Dunia literasi dan teknologi kembali bersinggungan dalam sebuah gugatan hukum yang menggemparkan. Dua penulis ternama, Grady Hendrix dan Jennifer Roberson, resmi mengajukan tuntutan terhadap Apple atas dugaan pelanggaran hak cipta. Mereka menuduh raksasa teknologi tersebut telah menggunakan karya-karya mereka secara ilegal untuk melatih model kecerdasan buatan tanpa izin atau kompensasi.
Dikutip dari Engadget, Selasa (9/9/2025), gugatan ini menjadi sorotan karena menyentuh isu krusial: bagaimana industri AI generatif memanfaatkan konten kreatif sebagai bahan bakar inovasi, sering kali tanpa persetujuan penciptanya.
Dalam dokumen gugatan yang kini berkembang menjadi class action, Hendrix dan Roberson mengklaim bahwa Applebot web scraper milik Apple telah mengakses “perpustakaan bayangan” yang berisi ribuan buku bajakan berhak cipta.
Di antara kumpulan data tersebut, mereka menemukan karya-karya mereka sendiri yang diduga digunakan untuk melatih sistem AI Apple Intelligence.
Tuduhan ini bukan hanya soal pelanggaran teknis, tetapi juga menyangkut etika dan nilai ekonomi dari karya sastra yang selama ini menjadi tulang punggung industri penerbitan.
Kedua penulis tersebut menegaskan bahwa Apple, sebagai perusahaan teknologi dengan valuasi triliunan dolar, tidak pernah berusaha memberikan kompensasi atas kontribusi intelektual mereka.
Dalam gugatan, mereka menyebut bahwa Apple telah menyalin karya berhak cipta untuk membangun model AI yang kini bersaing langsung dengan pasar buku.
Ironisnya, teknologi yang dilatih dari karya mereka justru berpotensi menggerus nilai komersial dari buku-buku itu sendiri.
“Perilaku ini telah merampas kendali kami atas karya kami, merusak nilai ekonomi dari pekerjaan kami, dan memposisikan Apple untuk meraih kesuksesan komersial melalui cara yang melanggar hukum,” tulis mereka dalam pernyataan resmi.
Kasus ini bukanlah yang pertama dalam gelombang gugatan terhadap perusahaan AI generatif. OpenAI, pengembang ChatGPT, saat ini tengah menghadapi tuntutan dari berbagai pihak, termasuk The New York Times dan organisasi media nirlaba tertua di Amerika Serikat.
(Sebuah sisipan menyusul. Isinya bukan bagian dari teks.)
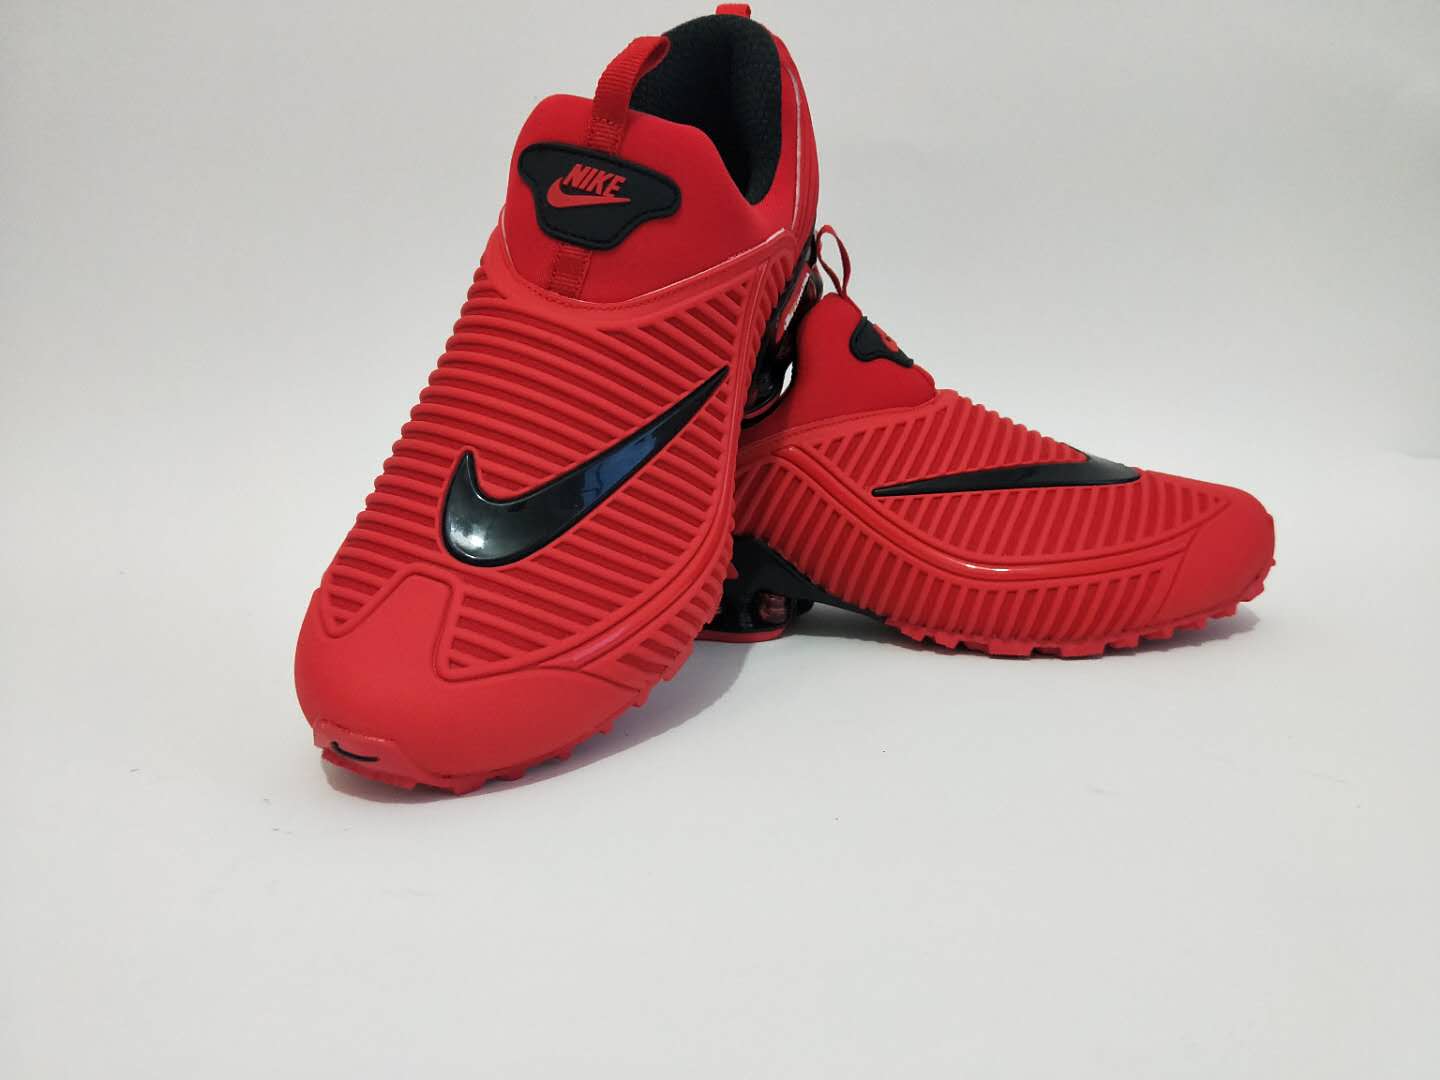 Nike Air Max 2019.5 Mesh Drop Plastic Red Black Shoes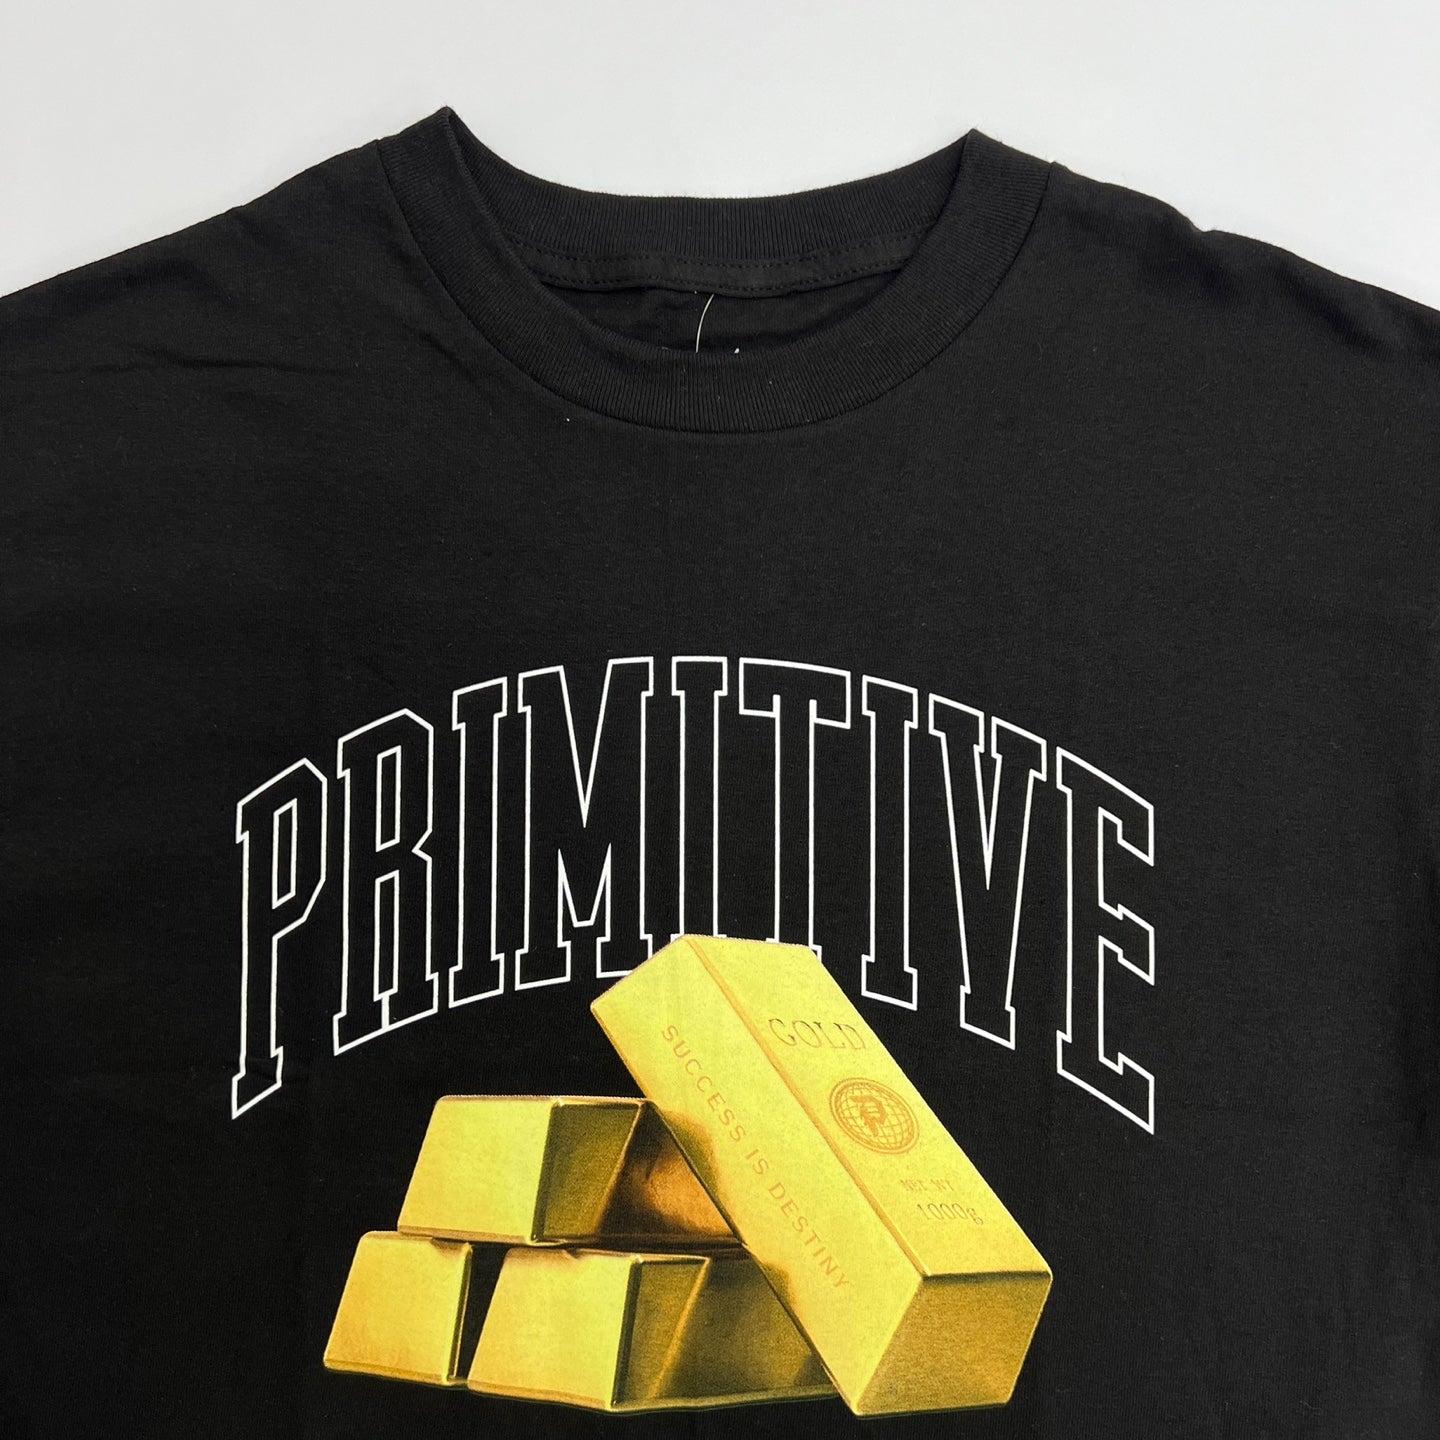 Primitive Good for Life Graphic T-Shirt - Black

Gugatan-gugatan tersebut menyoroti praktik pengambilan data tanpa izin dari sumber jurnalistik dan sastra, yang digunakan untuk melatih model bahasa besar.
Di sisi lain, Anthropic perusahaan di balik chatbot Claude baru-baru ini menyetujui penyelesaian senilai $1,5 miliar dalam kasus serupa. Dalam gugatan tersebut, sekitar 500.000 penulis dilaporkan akan menerima kompensasi sebesar $3.000 per karya yang digunakan tanpa izin.
Fenomena ini menandai titik kritis dalam hubungan antara teknologi dan hak kekayaan intelektual. Di satu sisi, AI generatif menjanjikan efisiensi dan inovasi luar biasa. Namun di sisi lain, ia mengandalkan data yang sering kali berasal dari karya manusia yang dilindungi hukum.
Ketika perusahaan teknologi besar mulai membangun sistem cerdas dari konten yang tidak mereka ciptakan, pertanyaan tentang keadilan, transparansi, dan tanggung jawab hukum menjadi semakin mendesak.
Gugatan terhadap Apple ini bisa menjadi preseden penting dalam menentukan batas etis dan legal penggunaan data kreatif untuk pelatihan AI. Jika para penulis berhasil membuktikan bahwa karya mereka digunakan tanpa izin, maka industri AI mungkin akan menghadapi gelombang regulasi baru yang menuntut transparansi dan kompensasi yang adil.
Di tengah euforia teknologi, suara para kreator kini mulai menggema, menuntut pengakuan dan perlindungan atas hak mereka di era digital yang semakin kompleks.